British showjumpers on course for Rio at Aachen

By Charles Taylor on |


Penelope Leprevost leads at Aachen

Great Britain’s showjumpers dug deep in Aachen to deliver a character-filled display as they stayed on course for an FEI European Championships medal and an all-important place at next year’s Rio Olympics.

It proved to be an incident-packed penultimate day of team competition action, but Britain ended it in fourth place behind France — led by Penelope Leprevost (pictured above) — in first place, Holland in second and Germany in third.

Going into Friday’s final team-jumping round, five of the surviving 10 nations — Britain, Switzerland, Spain, Denmark and Ireland — will be chasing three Rio places available for countries that have not yet qualified.

Britain were indebted to clear rounds from Joe Clee and Utamaro d’Ecaussines (pictured below) — their second in successive days — and Michael Whitaker with Cassionato, after former world number one Ben Maher had four faults on Diva II and 19-year-old Jessica Mendoza saw three fences go down aboard Spirit T.

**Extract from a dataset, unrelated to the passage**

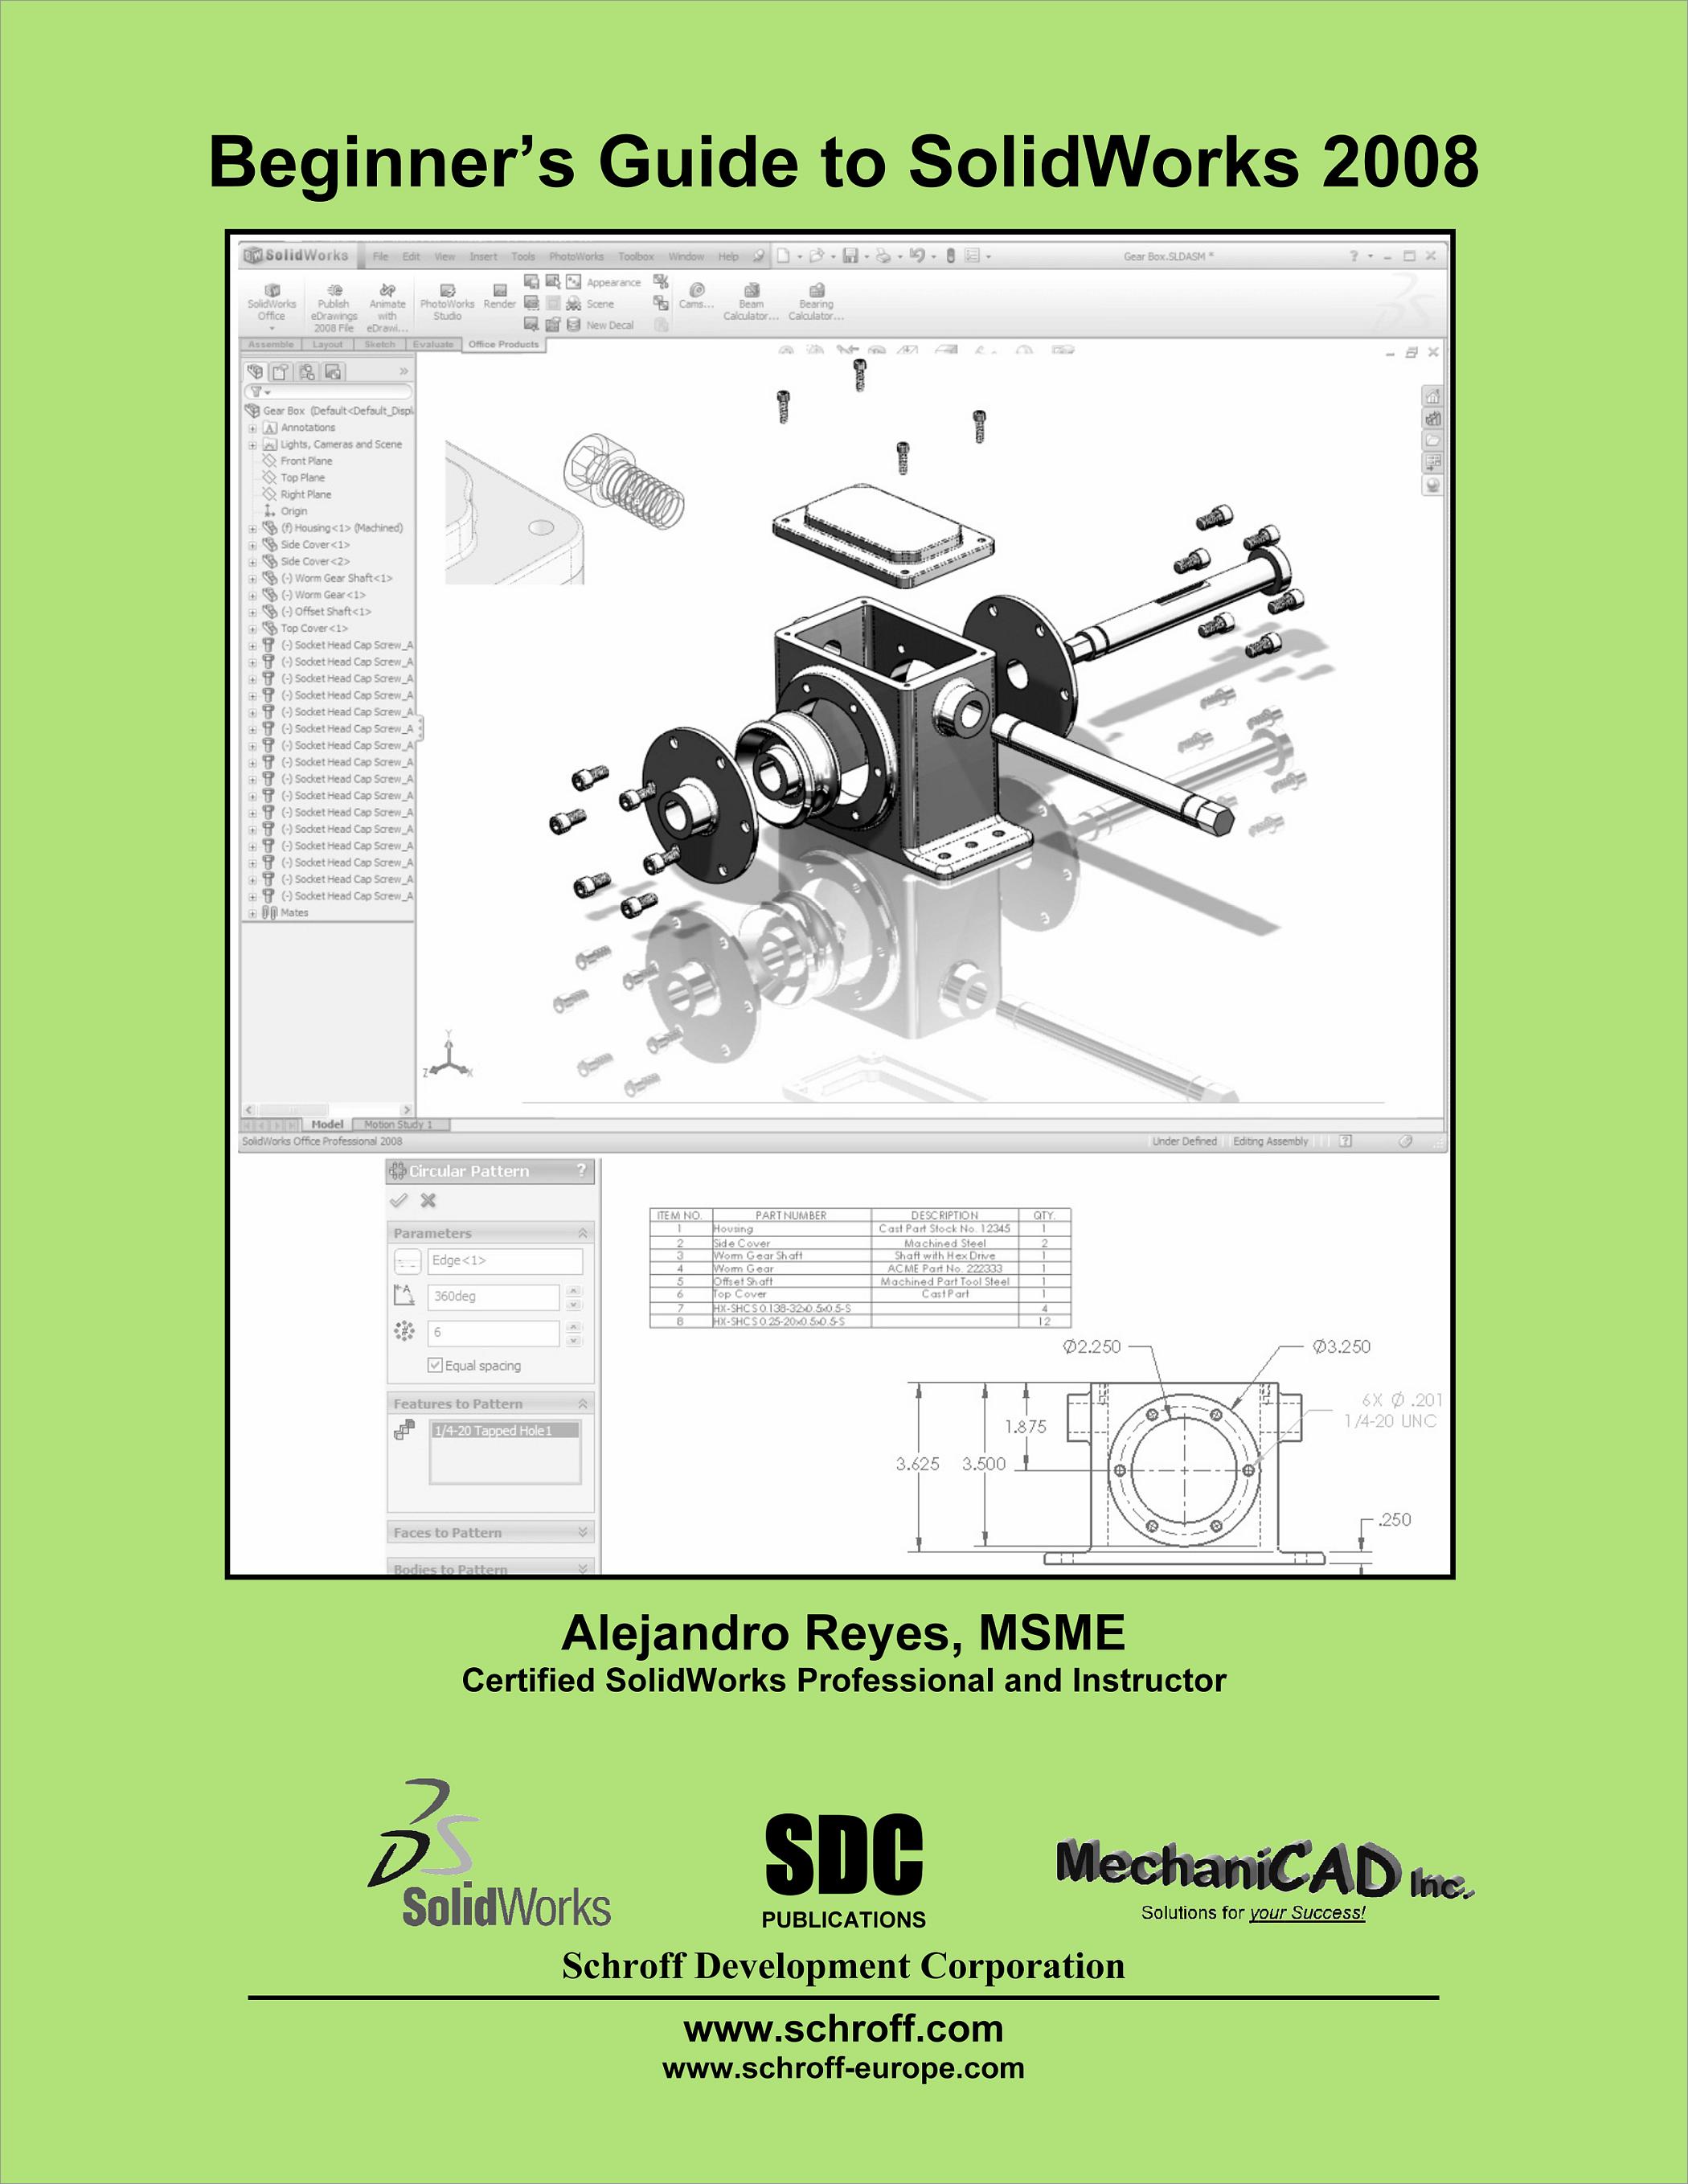 solidworks manual download files
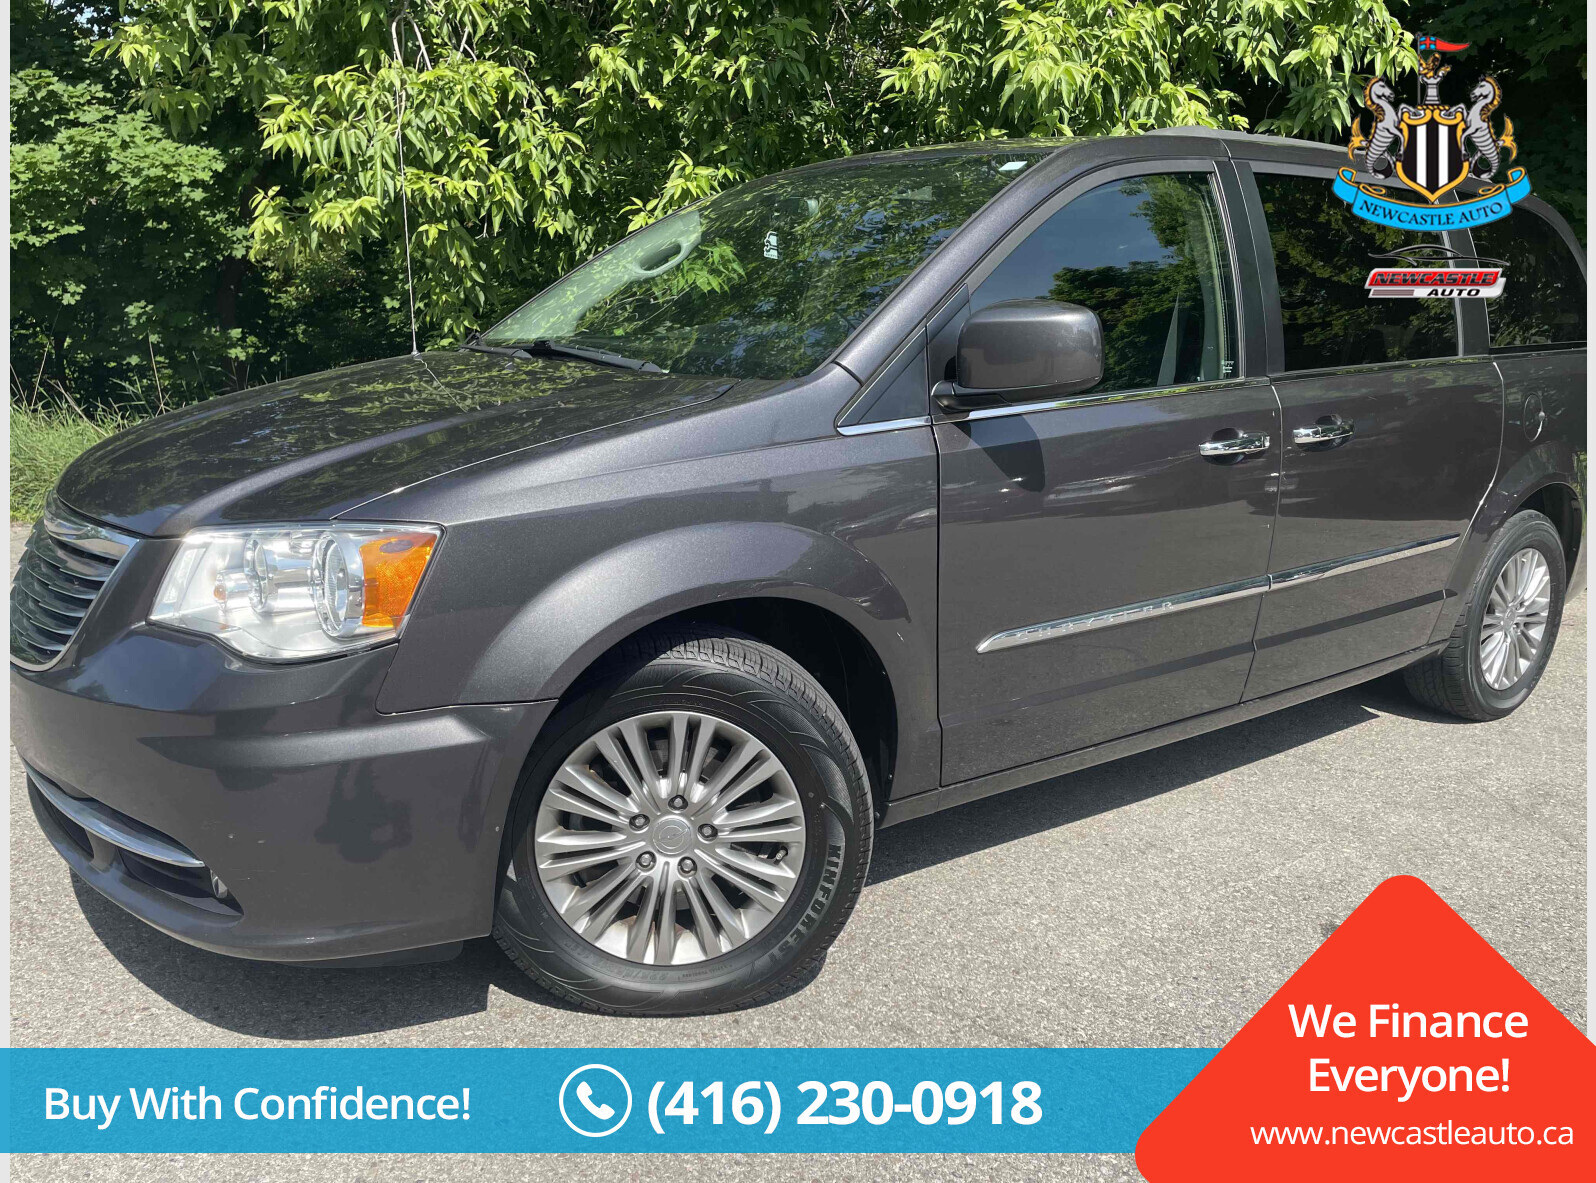 2015 Chrysler Town & Country 1 Year Warranty Included

Mendoza’s tally proved to be the discarded score, while Clee is currenty third in the individual competition that concludes on Sunday. France’s Leprevost leads, just ahead of German star Ludger Beerbaum.

“My horse has been jumping great – even a bit too good,” Clee said. “He settled down after about fence four.

“It is a case of each day as it comes. With success here comes the Olympic qualification, so just one job at a time. I will start to enjoy it after Sunday has been and gone.”

And 55-year-old Whitaker added: “I got a lot of confidence from my horse. He has never been in this ring, and he’s never been under this kind of pressure. I didn’t know how he would react, but he actually rose to the occasion.

“I said when I came out, I’ve never felt pressure like it. There is extra pressure to qualify for the Olympics. If I had gone in and not had a good round, that would have been it. Now, we’re still fighting for tomorrow, even for a medal.

“You couldn’t get it (the course) wrong, you had to ride every fence and think about all the lines and even the last fence — you saw the problems the last fence caused. You had to get it all right, you could not make a mistake.

“Joe was brilliant and Ben was brilliant. What the mare did was out of his hands. She just took off, and Ben did unbelievably to stay on.”

Maher was powerless as Diva II went airborne too early going into the last fence, meaning that they ploughed through it, but Maher somehow stayed on and avoided elimination.

“I don’t really know how it happened,” he said. “She should have picked up two strides, but she picked up on one. I guess it was just quick reaction and instinct from me. I could not afford to fall off — that would have been pretty damaging for the team.

“She jumped probably as good as any other horse today, but that’s the way it goes.”

And Great Britain team boss Di Lampard added: “This just shows how focused the team are. To come back from the shock at the start with Ben and Diva, when they had looked home and dry, shows just how tight the team are. Team spirit really couldn’t be better.

“We came here to qualify for Rio. We are two thirds of the way through, and in a strong position to deliver.”

Current team standings are: France 5.700, Holland 7.820, Germany 8.400, Great Britain 10.990, Ukraine 13.030, Switzerland 14.230, Spain 16.580, Denmark 17.270, Ireland 17.960, Sweden 19.300.